With this analysis, we can conclude that a small amount of lockdown (25%) will only reduce the impact of disease by a small amount. But as we increase the lockdown to above 50%, the effect will be significant in Flattening the curve.

Experiments — Addition of a popular location like supermarket

Experiment 5: SIR model with a popular place in the center of the city.

In this experiment, we will see how the presence of a popular place like supermarkets, shopping malls, etc. affects the spread of the disease. We will add one such place in the center of the city which will be visited by everyone once a week.

Having a popular place which is visited by everyone enabled the easy transfer of virus to all the parts of the city. Because of this, the peak of infections reached much earlier (on 66th day) with a higher active cases count of 3,255 (for experiment 1, the peak reached on 102th day with active cases of 2,437).

In the right heatmap, we can also see that the center community (which has the popular place) got highlighted at the very beginning itself which helped in spreading the virus to different parts. On the 100th day, the spread crossed the diagonal part of the city (while in all the previous experiments spread never crossed the diagonal on day 100).

Experiment 6: SIR model after locking down the popular place.

In this experiment, we will put the popular place (which aided in spreading the disease) on lockdown, and see how it affects the spread. This means no one is allowed to go to the popular place. Otherwise, all people are free to move to other communities.

The grey cell in the center shows the popular place with 0 population in any of the three states.

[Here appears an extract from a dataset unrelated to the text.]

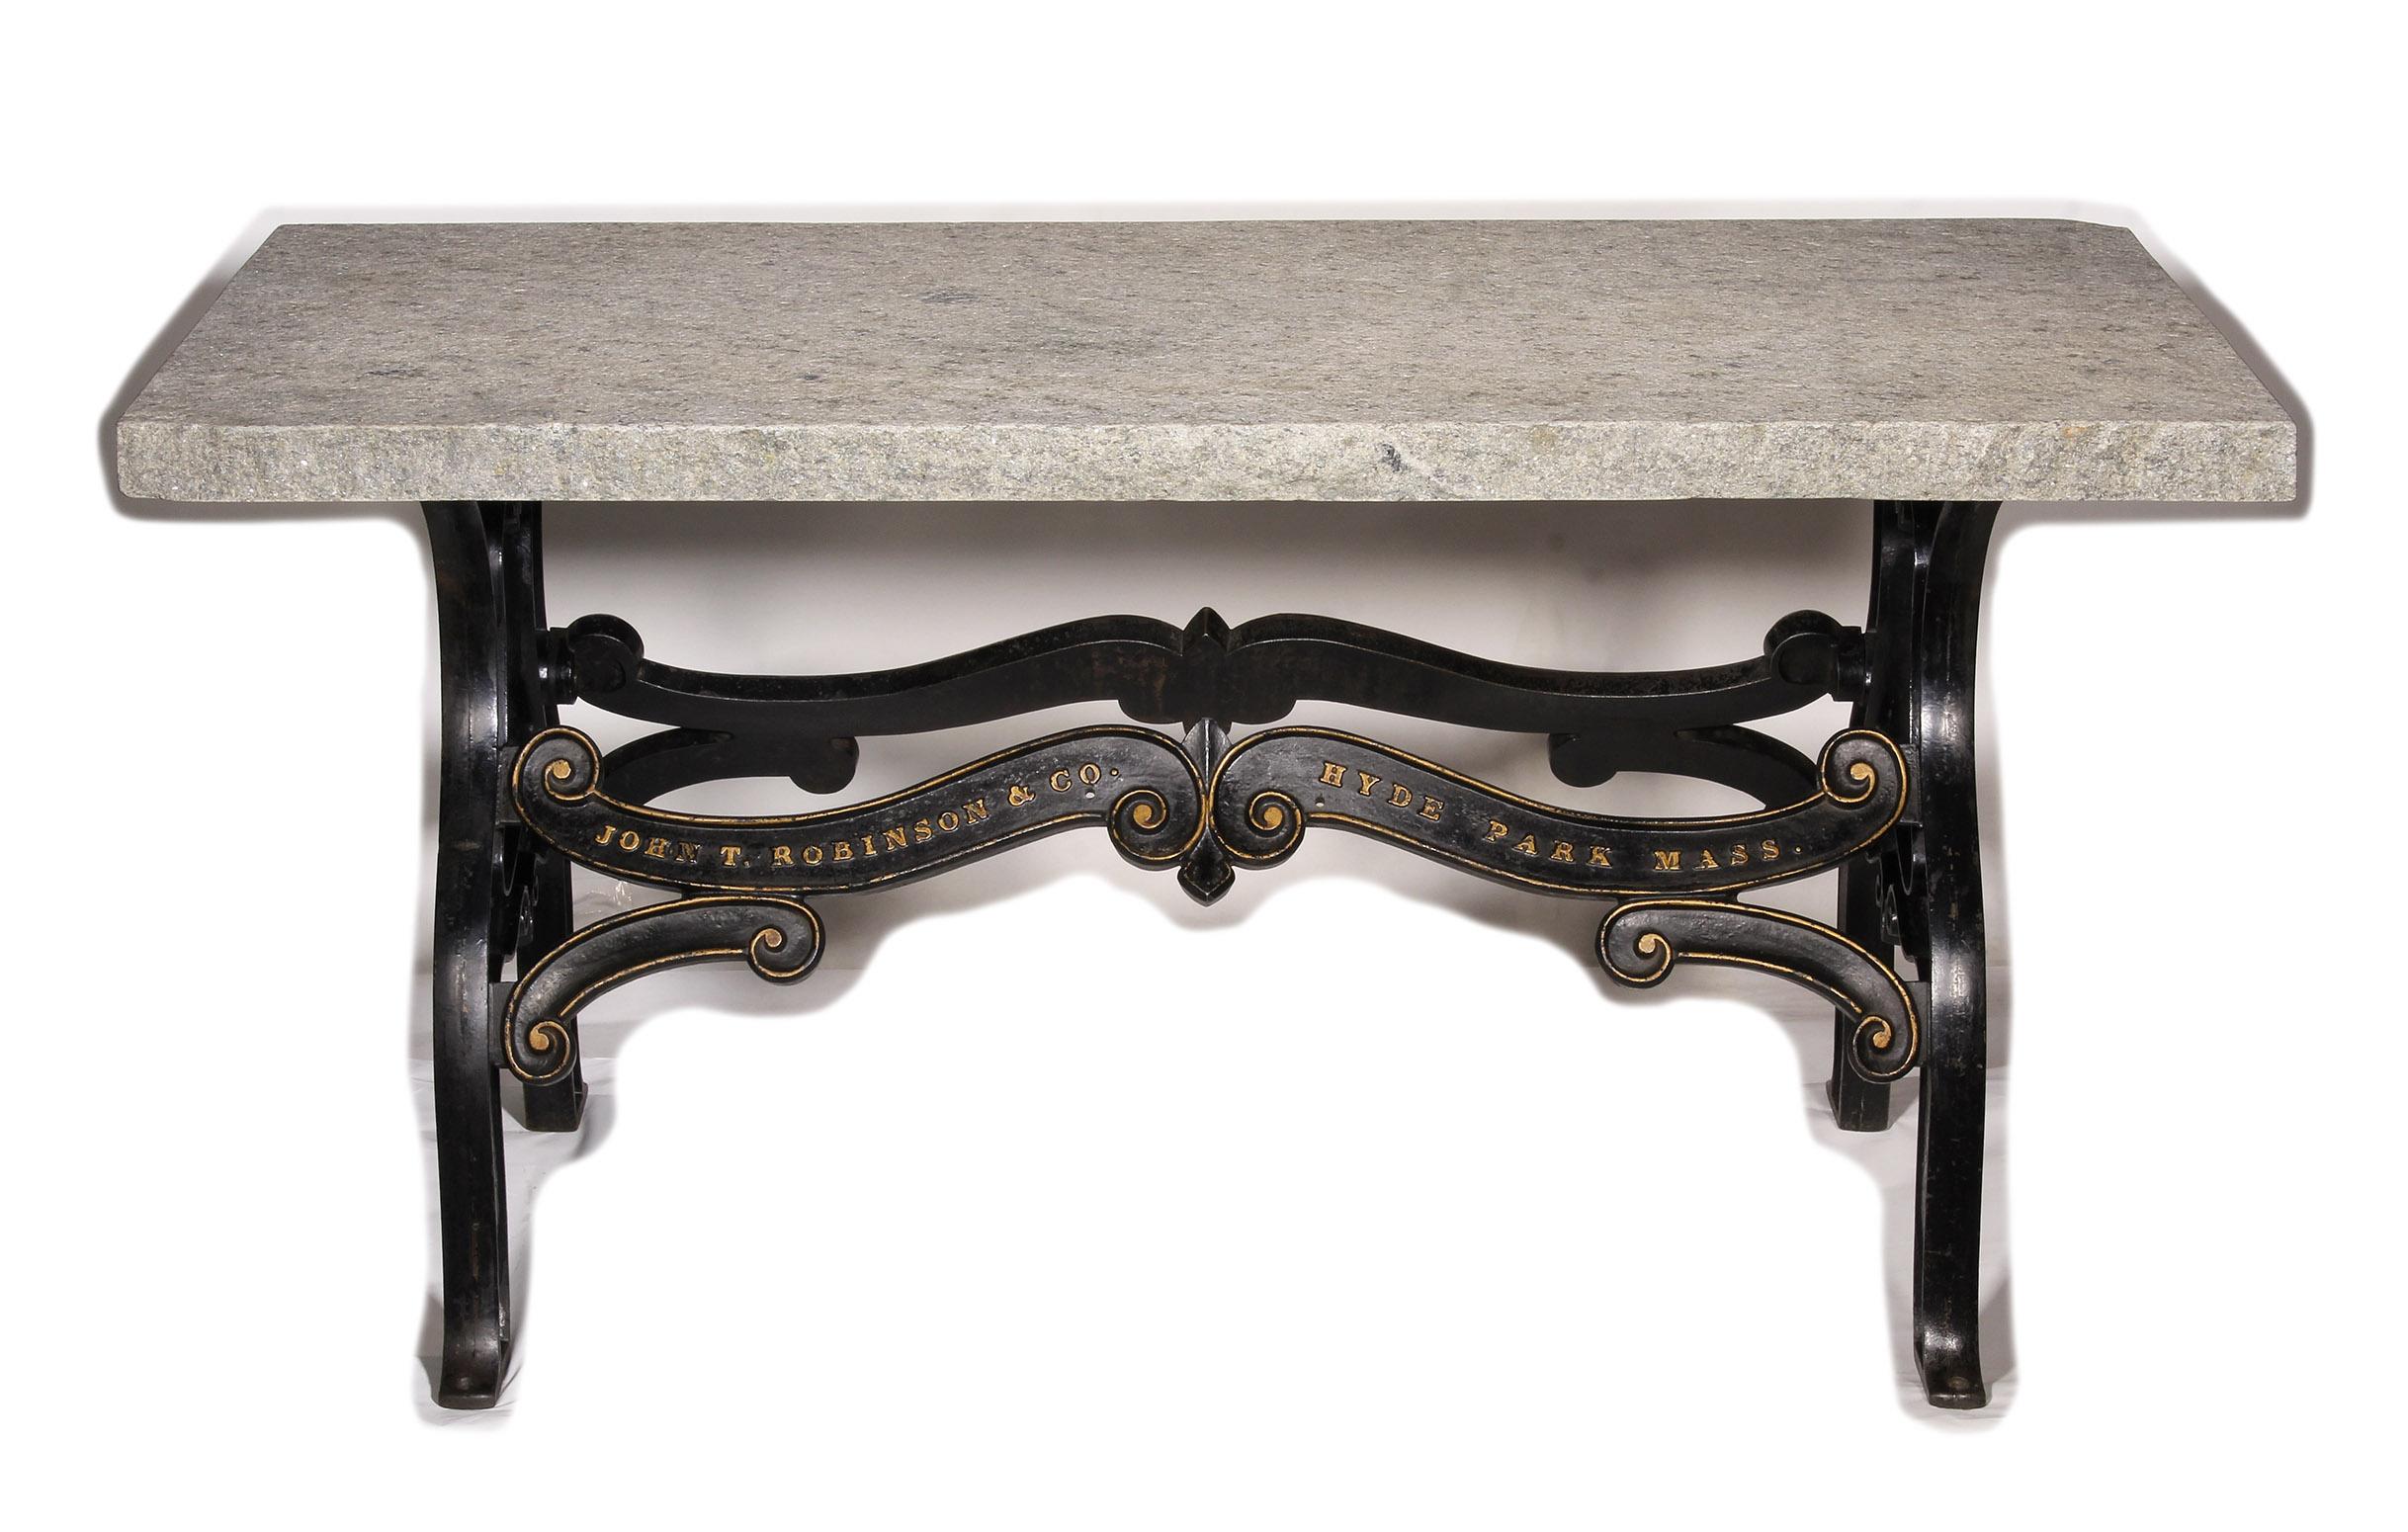 Beautiful cast iron base from an old printing factory in original condition, showing detailed artwork topped with a piece of Vermont granite.
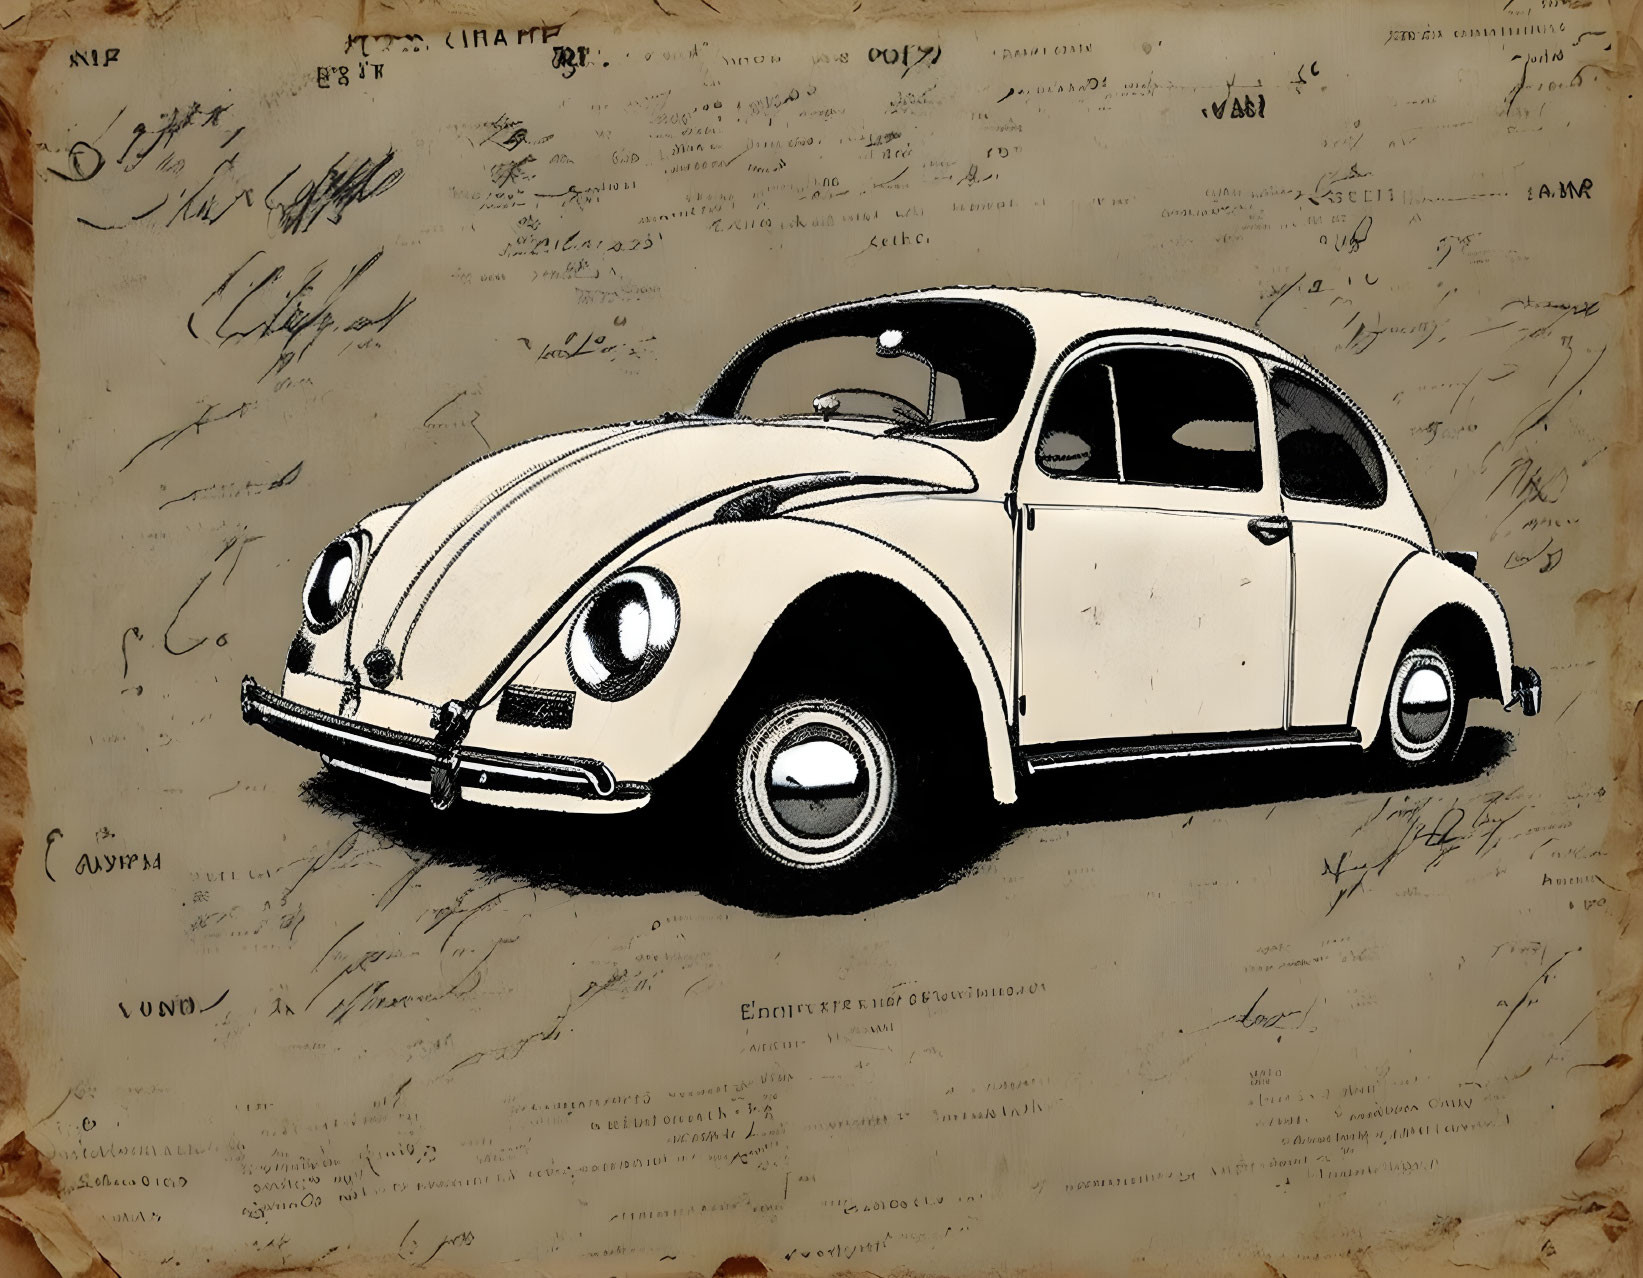 Vintage-style Illustration of Classic Volkswagen Beetle on Aged Paper Background

The result was almost similar to that of experiment 1, with a marginal reduction in total infections.

Experiment 7: SIR model with the popular place being the only place allowed to go.

In this experiment, we will only allow the people to visit the popular place and all other movements are restricted.

This time the infection was very low. Since everyone was only allowed to move to one place and that too even with a low probability, the disease was well contained.

Experiments — Two cities dynamics

Experiment 8: Modeling between two cities.

In this experiment, two cities are connected via a single route. Infection was started in City 1 and slowly it spread to City 2. The transition probability matrix was created as follows:

Transition matrix was created randomly for the two cities (TM_1) and TM_2)
Center locations of both the cities were selected as their airport
Probability of all individual in a city to go to the airport was changed to 1/14 (expecting people goes to another city once in two weeks)
Transition matrix was normalized row-wise to make the sum of probabilities as 1

We started the infection from the City 1 which spread to the City 2. We can see that City 1 has the infection peak earlier with the highest active cases of 4,786. City 2 got a peak 40 days after City 1 as it took some time for the virus to reach there. The magnitude of disease was also low with a more flatten curve in the City 2 and the spread was more gradual. Since there was a single source of disease in City 2 and it was connected to all parts of the city, the disease was more evenly spread throughout the city as compared to City 1 which shows a ‘wave’ like phenomenon.

Conclusion

Without claiming an accurate epidemic modeling, our aim in this was to get an insight into how different measures and people’s movements affect the spread of an infectious disease like COVID-19. While travel restriction on small scale didn’t provide many benefits, 50% and above restrictions slowed down the spread significantly and made the curve flatter. This means that if anyone who gets sick with COVID-19 and requires hospitalization will have access to a bed and proper treatment. This can be one temporary measure to curb the pandemic while more durable solutions are implemented.